E. On November 21, 2014, the Plaintiff, who was dissatisfied with each of the instant dispositions, requested an inquiry to the Tax Tribunal, but was dismissed on March 9, 2015.
2. Whether the instant disposition is lawful
A. The plaintiff's assertion
295,000,000 won out of the issues deposited into the representative account of the Plaintiff’s representative account
It was used for corporate business, such as purchase of raw materials, and the remainder of 98,400,000 won was used for the purpose of debt repayment, expenses, etc. of the corporate entity. Therefore, the key amount was actually reverted to the corporate entity, so the instant disposition was unlawful against the principle of substantial taxation.
(b) Related statutes;
Attached Form is as shown in the attached Form.
C. Determination
The number of representatives after the fact that the funds have been leaked from a corporation to the representative;
Even if the other party's cash account was opened in the gold account to enter the account, if the representative's short-term loan account was opened from the representative's short-term transaction, and it is anticipated that the account should be set up against the representative's second-term transaction, barring special circumstances such as the nominal processing obligation not set up for the first half of the deposit amount, it cannot be deemed that the funds already leaked to the representative's own account and reverted to the representative's 200 billion won were recovered as the corporation. (See Supreme Court Decision 200Du3726, Jan. 11, 2002.) According to the legal principles set forth in No. 4-9 (including the serial number) and No. 2-100,000 won, the total amount of KRW 200,000,000 won was set out from the account set forth in No. 2-1050,000 won.

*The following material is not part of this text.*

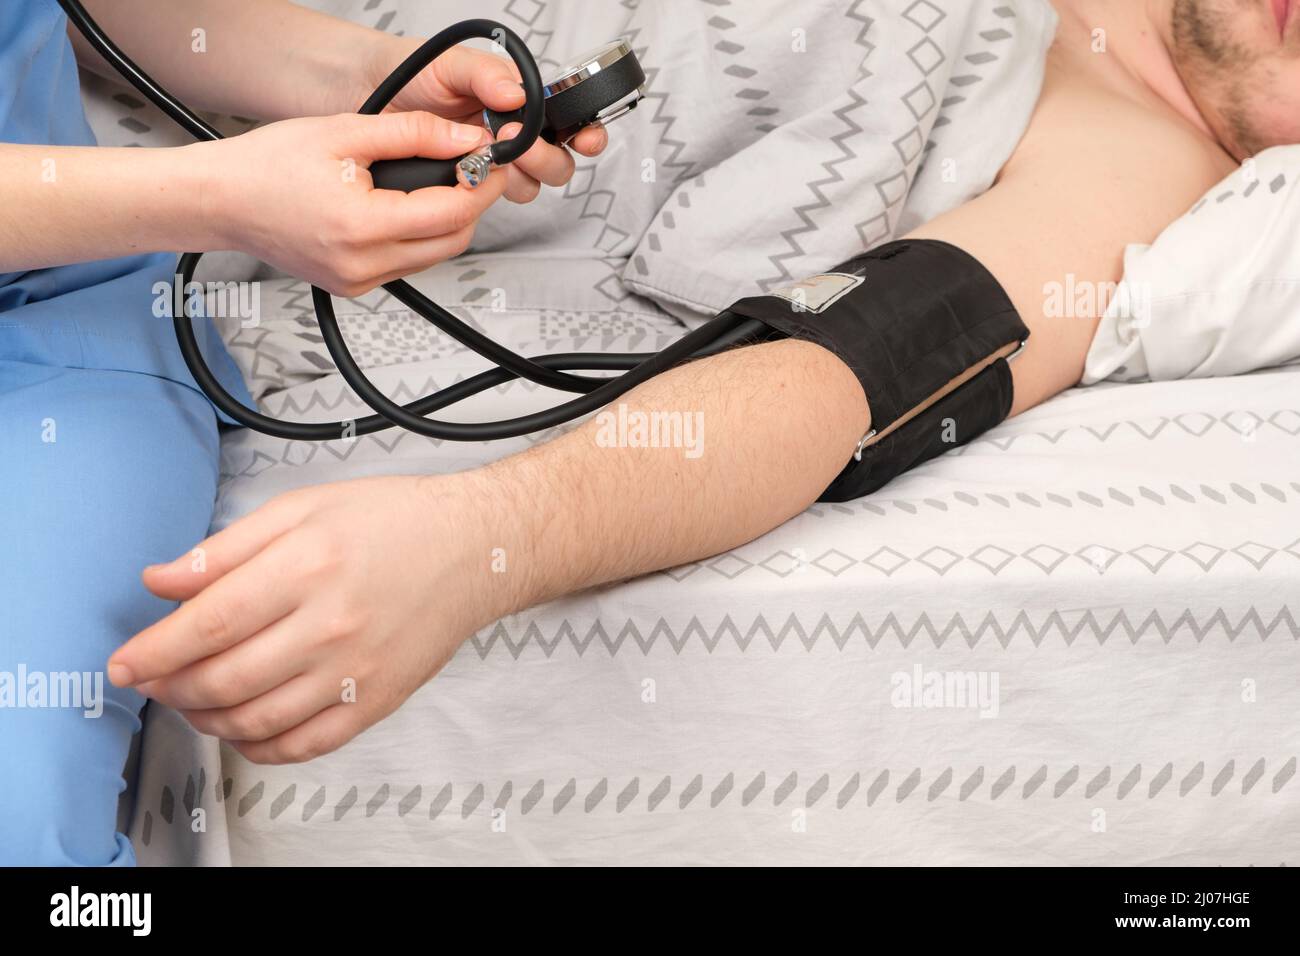 Der Arzt misst den Blutdruck des im Bett liegenden Mannes. Erkrankungen des Herzens und der Blutgefäße beim Menschen, mechanischer Tonometer aus nächster Nähe. Stockfoto

Therefore, the above KRW 295,00,000, which was reverted to Kim ○○, cannot be deemed to have been recovered as the Plaintiff’s corporation. Moreover, it is insufficient to recognize that KRW 98,400,000 out of the key amount belongs to the Plaintiff and was used for the Plaintiff’s corporation, solely on the basis of each of the certificates (including each number) Nos. 11 and 12 (including each number) are insufficient. Therefore, the Defendant did not err in disposing of the key amount as the bonus to the Plaintiff’s representative, and the Plaintiff’s assertion disputing this is
Meanwhile, in the disposition of this case, the Plaintiff did not assert an obvious illegal cause with respect to the disposition of this case. Among the grounds for the disposition, the contents unfavorable to the Plaintiff were excluded from deductible expenses the lease deposit fee spent for the mechanical device with a false excessive appropriation. Since it is apparent that the fee is deductible expenses without business relevance, the Defendant did not err in the disposition of this part.
3. Conclusion
Therefore, the plaintiff's claim is without merit, and it is dismissed and it is so decided as per Disposition.